Alors que les classements mondiaux tendent à faire du Congo un espace de matraquage de la liberté de la presse, Euronews décide d’y installer sa voix africaine. Sur les raisons de ce choix, le président du directoire indique que plusieurs critères ont présidé à cette option. « Le premier d’entre eux étant l’indépendance éditoriale et le fait de nous laisser travailler librement, le deuxième étant la position géographique (centrale) du pays, le troisième (...) d’être à côté de la fibre (optique), et le quatrième, la possibilité du pays de nous accueillir », affirme-t-il. Télé Congo, la chaine publique congolaise, est chargée d’accompagner cette mise en place. L’Etat congolais s’est engagé à construire les locaux définitifs de la chaine dans la capitale politique. « Notre projet stratégique est ambitieux. Ce n’est pas simplement une simple fenêtre africaine, produite

par Euronews, mais plutôt un réseau panafricain à part entière, avec des choix éditoriaux faits en Afrique par les Africains pour un public africain », précise Michael Peters.
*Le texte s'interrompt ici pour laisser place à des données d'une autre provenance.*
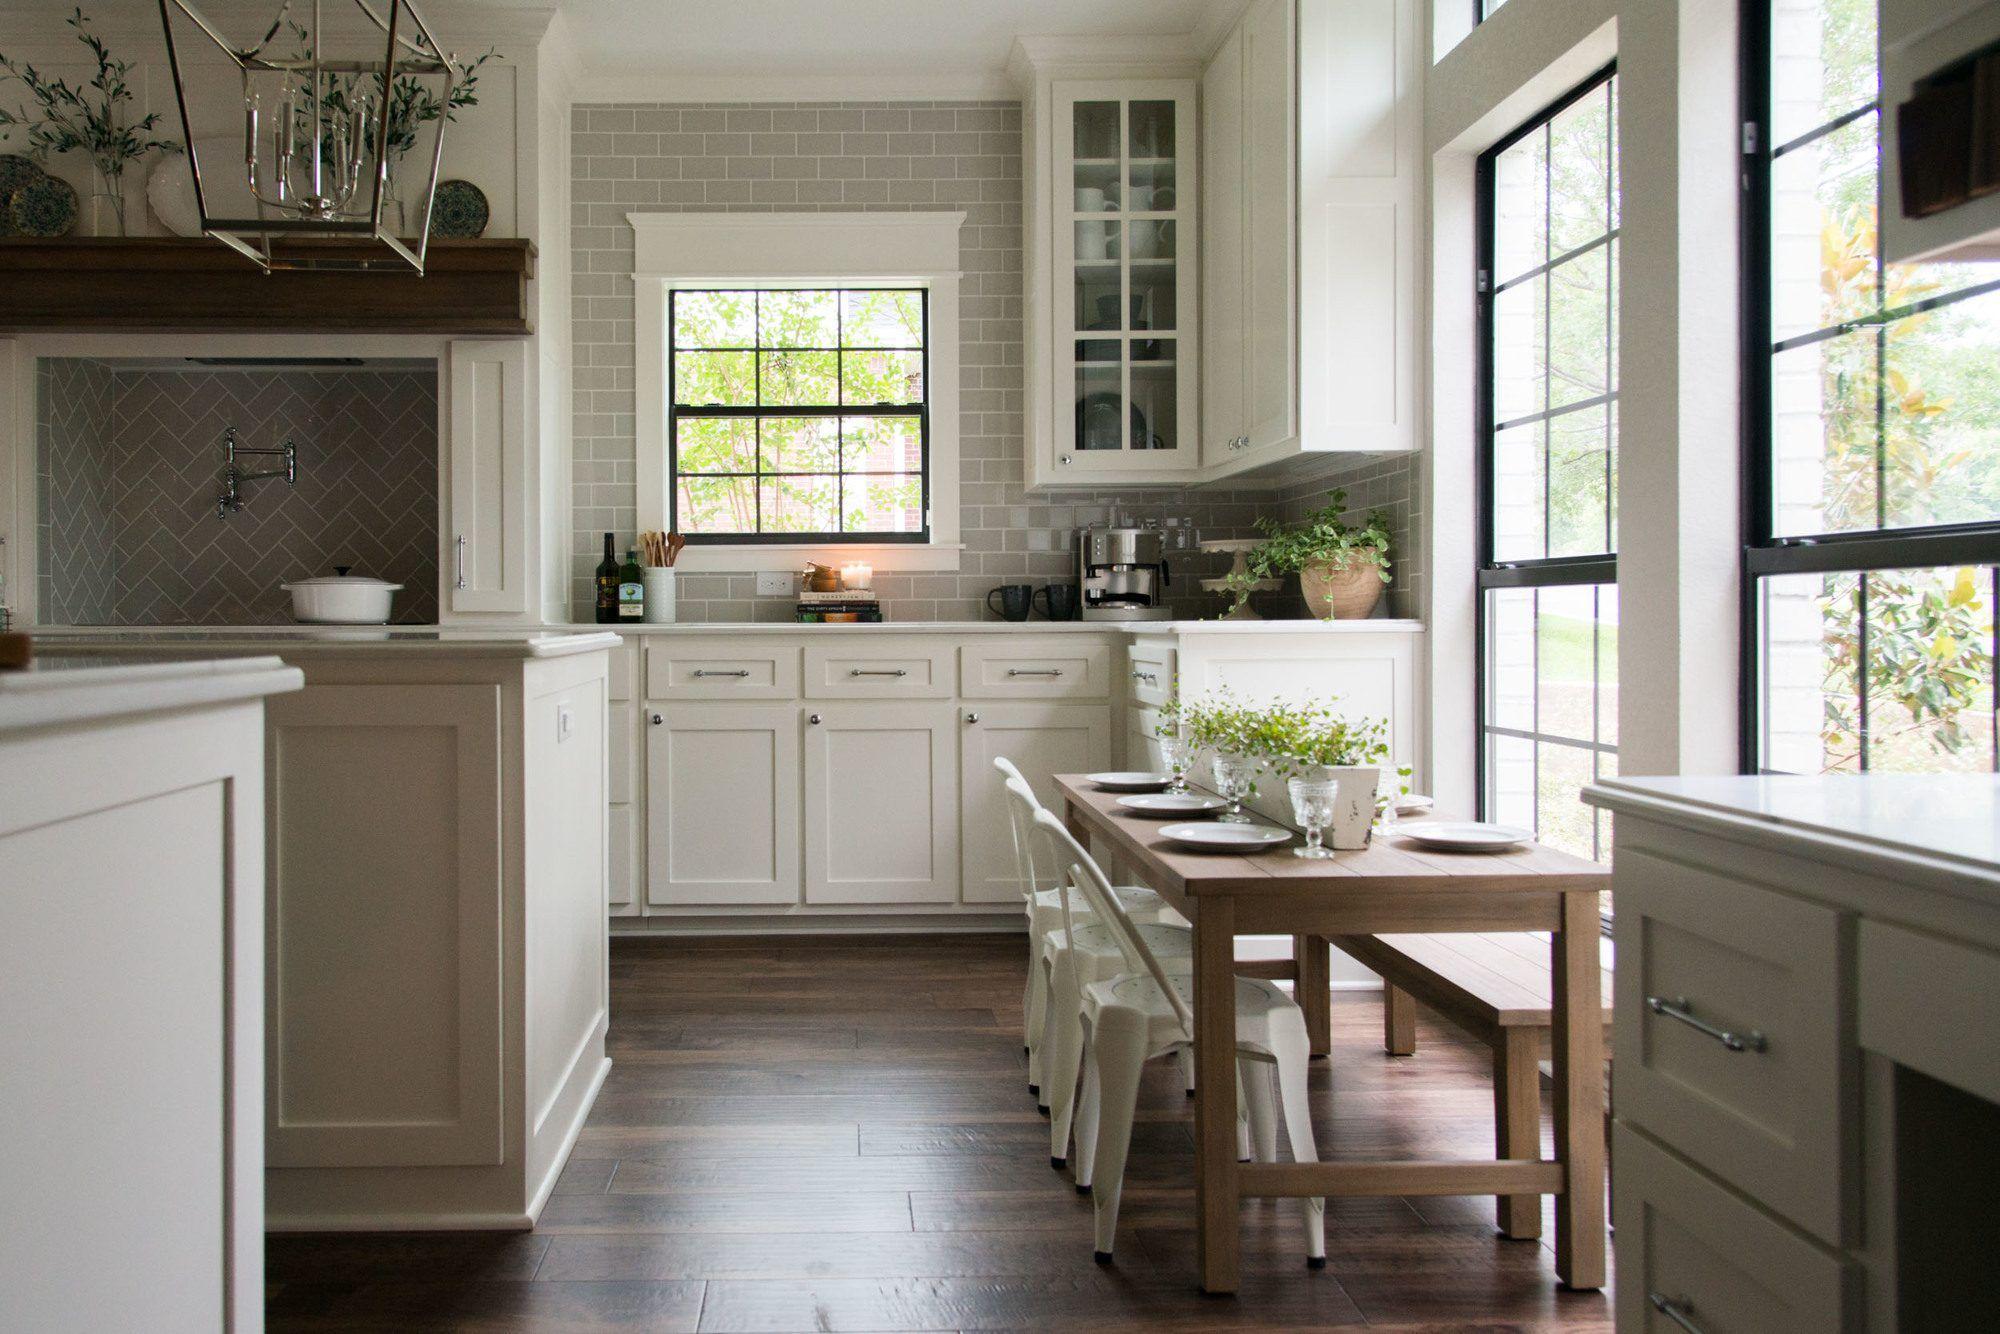 Fixer upper kitchen windows - Season 4 Episode 8 Fixer Upper Design Elements The Straight 80s House

Filiale à 100 % d’Euronews, Africanews est financée par la publicité et la distribution. Elle mise sur les partenariats de coproduction et de développement des bureaux régionaux pour grandir à grande vitesse. Les ressources humaines viennent d’une quinzaine de nationalités africaines. La Camerounaise Nathalie Wakam et la Ghanéenne Veronica Kwabla chapotent la rédaction. Elles travaillent sous la supervision de François Chignac, lequel assume les fonctions de directeur du développement éditorial. Rappelons que le milliardaire égyptien Naguib Sawiris détient la majorité du capital d’Euronews depuis 2015.